Awake.

I woke with no strength. I knew yesterday's burst of energy was the sign of crashing. So this morning I did everything I had promised my mother I would do. Then I took some Advil in hopes the burning nerves would cease and jumping muscles would calm.

Now I am seated in my golden chair breathing evenly and focusing my raging mind on the lessons of Daniel and Esther. Calming my mind to place the nuisance of pain elsewhere outside of me. Pain management I have done since a child. Refocus and mind over matter.

I meditated for a long time over the daily scripture this morning. How true to rely on Jehovah not just today but any day. Yet it was more needed today, approximately sent to retrain the mind. 

All I know is that there is a little bit of family support and a lot of opposition. So I know there is no one I talk to but Jehovah.  So today it is plenty of prayer and discussions inside my mind over scenarios and ways to achieve what I can.

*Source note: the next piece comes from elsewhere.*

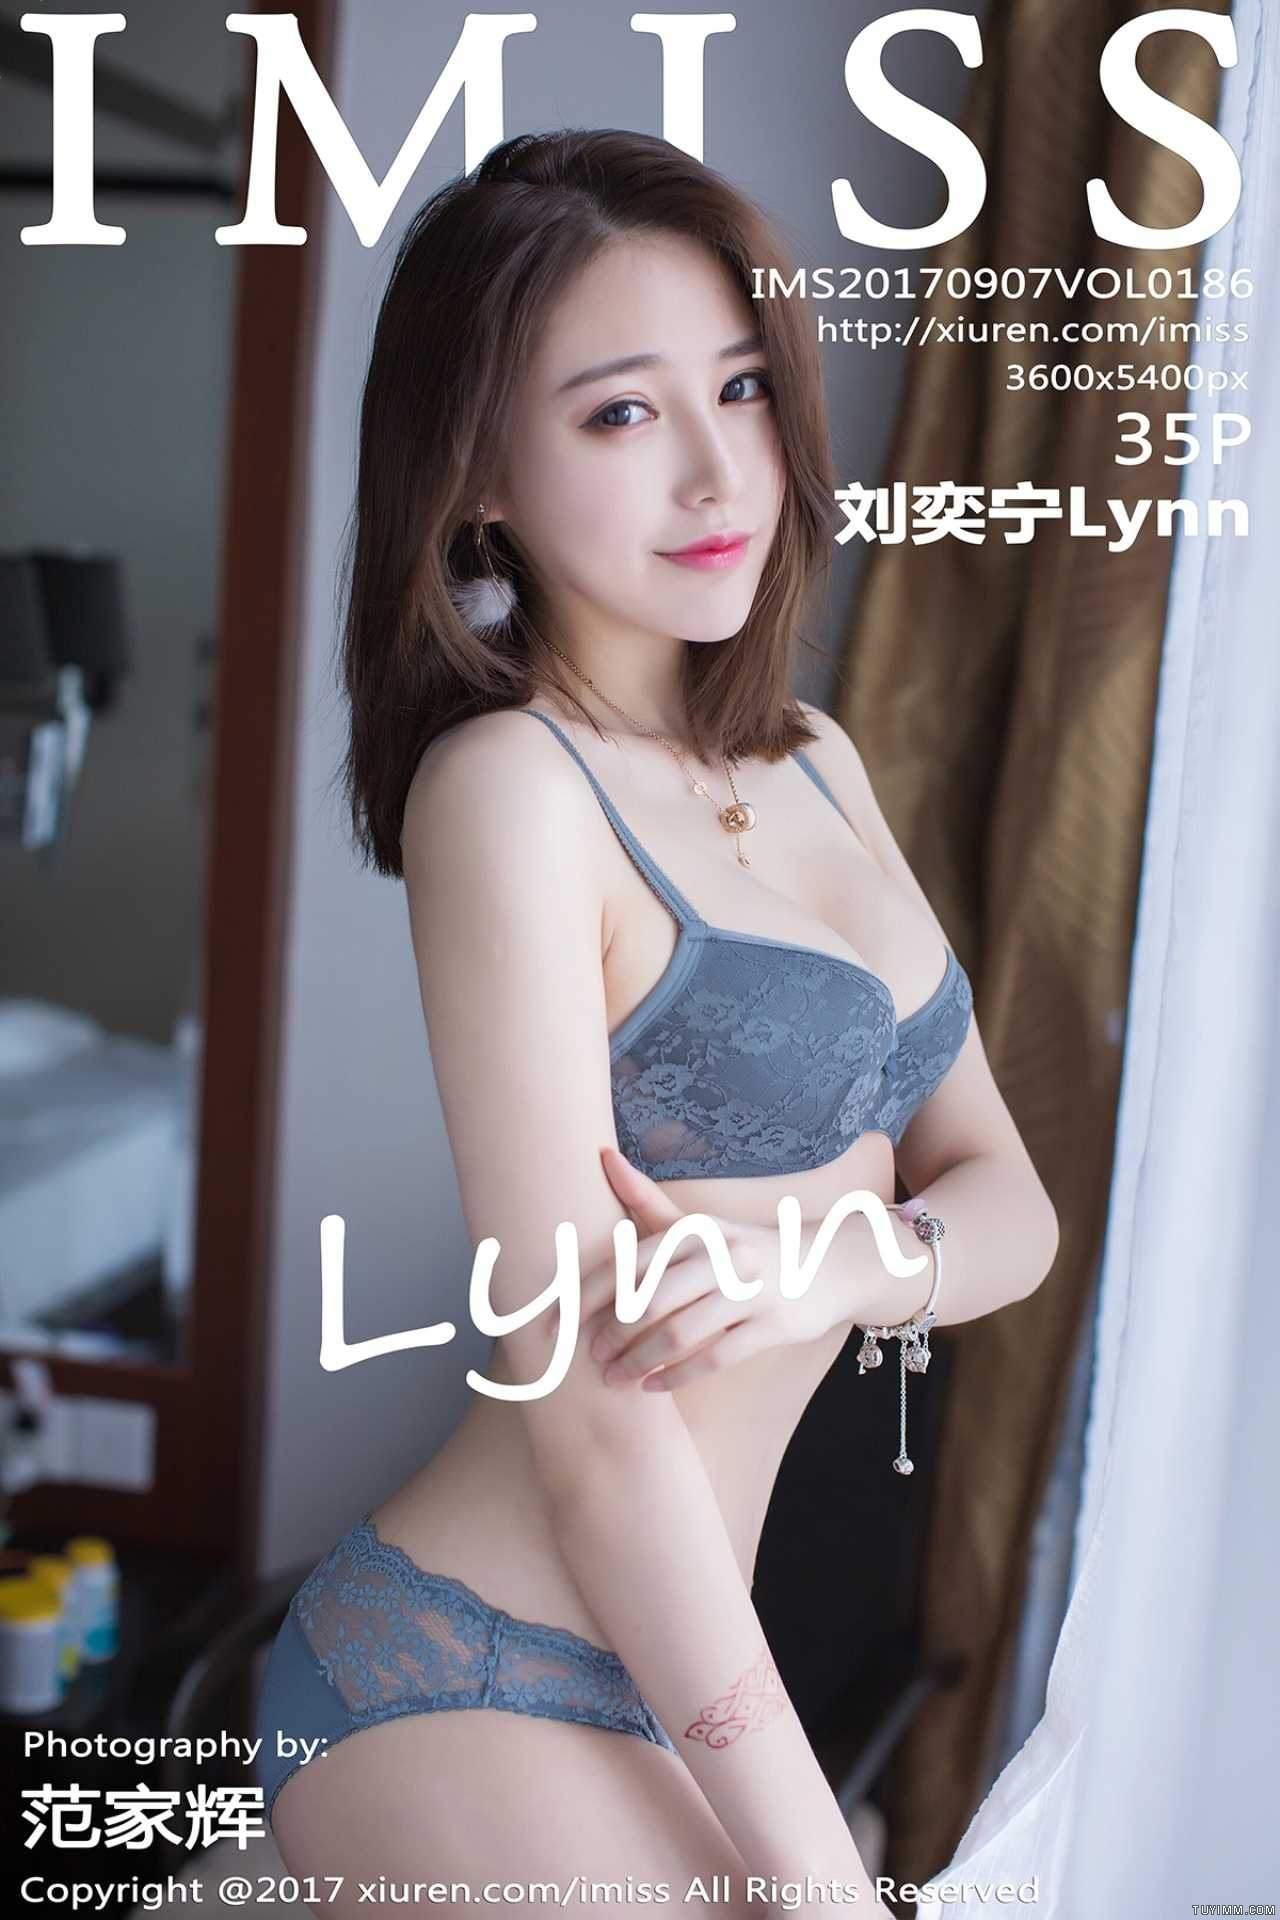 IMISS爱蜜社 2017.09.07 VOL.186 刘奕宁Lynn-第16张图片-哔哔娱乐网

Only goal today is to get enough rest and focus for tomorrow. My only thought is to ease the pain. Best way is through sleep and mind games.

Still through everything I smile. Not only because I am happy but because I know I am capable of enduring. It is my trials that help me realize just how precious Jesus' gift was and still is.

It's the slow process of transferring the depth of the ransom within mind to heart. Finding myself drawn to want to know more. And this is the blessing. The breathing is a gift.

A thanksgiving to Jehovah this morning for waking me up. How about you, are you grateful you gained one more day to learn?